Text-To-3D Animation

Text-to-video generation is so 2022! A new system takes in text and generates an animated 3D scene that can be viewed or rendered from any angle.

What’s new: Uriel Singer and colleagues at Meta AI proposed Make-A-Video3D (MAV3D). Lacking a corpus of matched text and animated 3D scenes, the authors used a pretrained text-to-video diffusion model to guide the training of a neural radiance field (NeRF) model that learned how to represent a 3D scene with moving elements. You can see MAV3D’s output here.

Key insight: Earlier work known as DreamFusion learned to produce a 3D scene from text by setting up a feedback loop between a pretrained diffusion text-to-image generator, which creates 2D images according to a text prompt, and a NeRF, which takes embeddings of points in space and learns to produce a 3D scene (mesh, point colors, and point transparencies) to match the 2D images shot from various angles. (NeRF can also generate images of the scene.) Basically, (i) the NeRF generated 2D images of a random 3D scene; (ii) the images — with added noise — were given as input to the diffusion text-to-image generator, which sharpened them according to the text prompt; and (iii) the NeRF used the sharpened images to sharpen the 3D scene, repeating the cycle. MAV3D worked the same way but (a) used a more computationally efficient embedding method called HexPlane, (b) swapped the pretrained text-to-image generator for a pretrained text-to-video generator, and (c) modified the NeRF to generate sequences of video frames. The resulting system takes a text prompt and learns to generate a matching 3D scene that changes over time.

How it works: MAV3D is an animated version of the earlier DreamFusion, as described above. It includes the following models: HexPlane (which efficiently represents an animated 3D scene), Make-A-Video (a text-to-video generator pretrained on LAION-5B text/image pairs and fine-tuned on 20 million videos), and a NeRF modified for video/animation.

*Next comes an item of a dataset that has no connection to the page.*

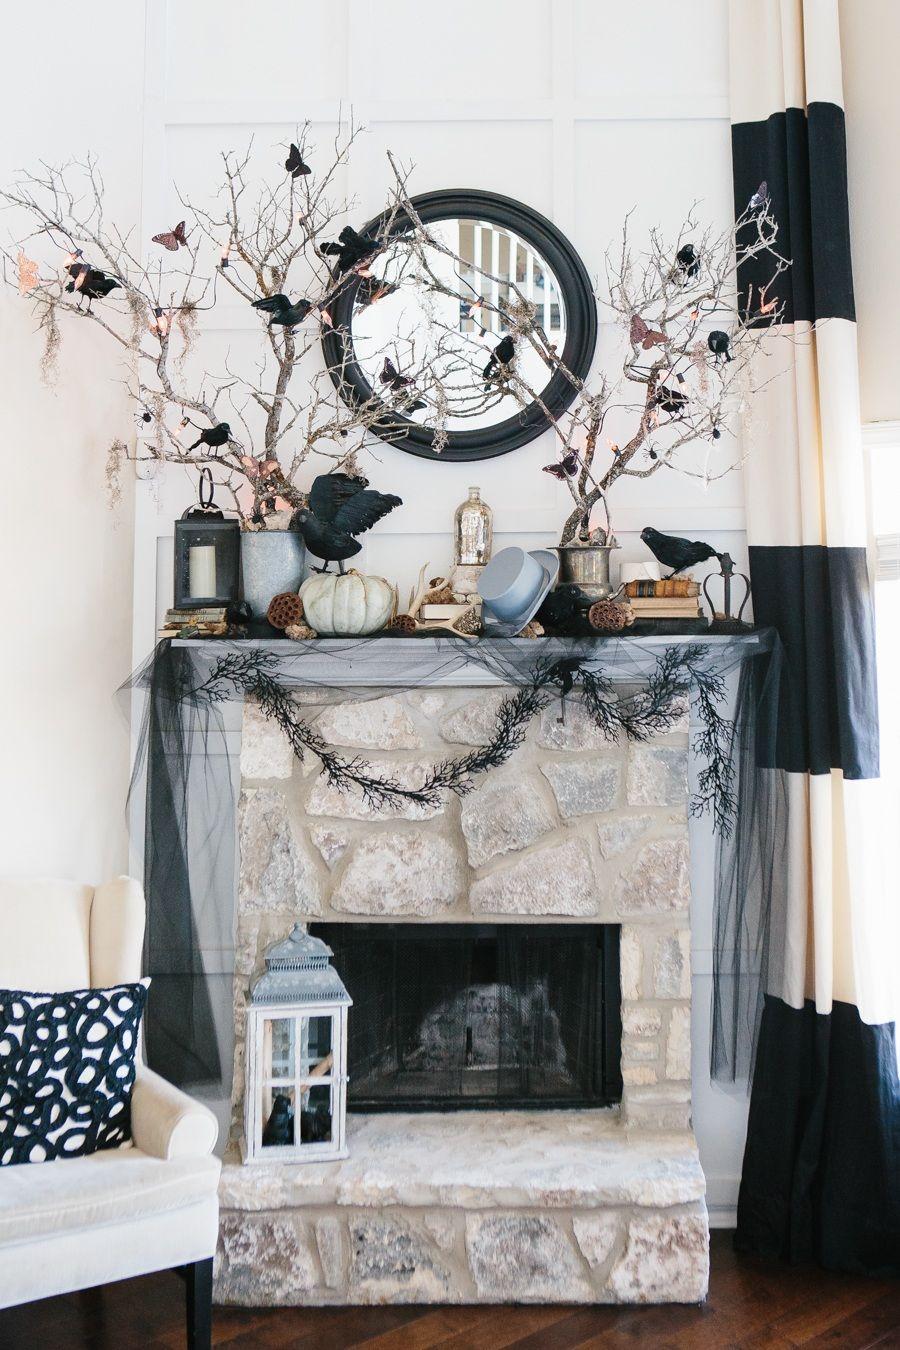 20 Creative Halloween Decorating Ideas Classy Halloween Decor Halloween Decorations Indoor Halloween Living Room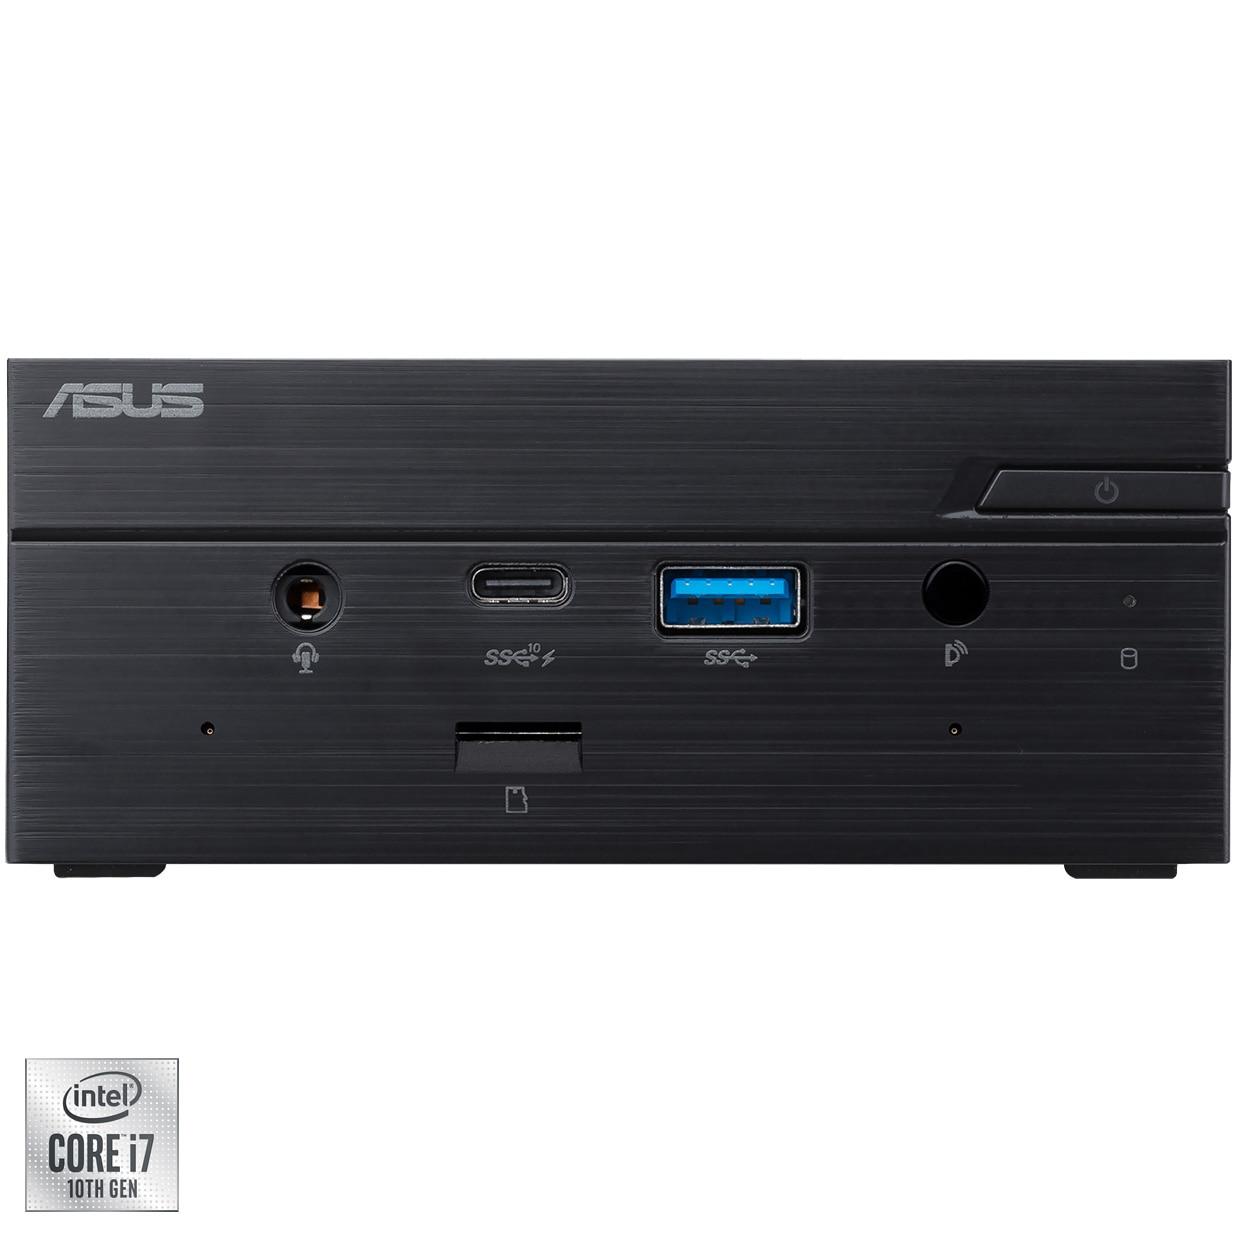 Fotografie Mini PC ASUS PN62-BB7005MD cu procesor Intel® Core™ i7-10510U pana la 4.90GHz, fara RAM, fara stocare, Intel® UHD Graphics, No OS

  • HexPlane learned an embedding for each point on each 2D plane in an animated 3D scene (xy, xz, xt, yz, yt, and zt) over 16 video frames. Given a point (three spatial dimensions plus time), the model projected it onto each plane, retrieved the corresponding embeddings, and concatenated them to produce a point embedding.
  • Given the embeddings and a random camera position per frame, NeRF produced a video.
  • The system added noise to the NeRF video and fed it to Make-A-Video. Given a text prompt, Make-A-Video estimated what the video would look like without the noise.
  • The loss function minimized the difference between the NeRF video and Make-A-Video’s denoised version to update HexPlane and NeRF.
  • The system cycled through this process 12,000 times using a different random camera trajectory each time, which enabled it to evaluate every point from multiple angles.
  • The authors extracted from NeRF a 64-frame animated 3D scene using the marching cubes algorithm.

Results: No other system generates animated 3D scenes from text, so the authors compared MAV3D with systems that solve two sub-tasks, generating 3D static scenes from text and generating videos from text. They used CLIP R-Precision, a metric that evaluates the similarity between an image and a text description (higher is better), to measure the systems’ performance averaged across a number of images taken from different angles (for 3D scenes) or images over time (for videos). MAV3D outperformed a Stable Diffusion implementation of DreamFusion (82.4 CLIP R-Precision versus 66.1 CLIP R-Precision). However, it did worse than Make-A-Video (79.2 CLIP R-Precision versus 86.6 CLIP R-Precision).

Yes, but: Examples of MAV3D’s output include very short scenes of varying quality. The system allows only one color per point so, for instance, reflective surfaces look the same regardless of viewing angle. It’s also computationally demanding: It took 6.5 hours per scene using eight A100 GPUs.

Why it matters: Adapting NeRF for video/animation is exciting, but the larger lesson is that finding an efficient way to learn representations — HexPlane in this case — can make tasks feasible that otherwise would require impractical amounts of computation.

We’re thinking: While MAV3D’s rendering would be improved by variable colors to represent reflections, shadows, and dynamic lighting, its strong performance relative to DreamFusion suggests a way to improve text-to-3D: train on videos instead of images. Videos contain moving objects and sometimes changing camera positions, so they can depict more diverse 3D geometry than a set of static images. Learning from videos could avoid generating 3D images that look fine from only one angle at a time.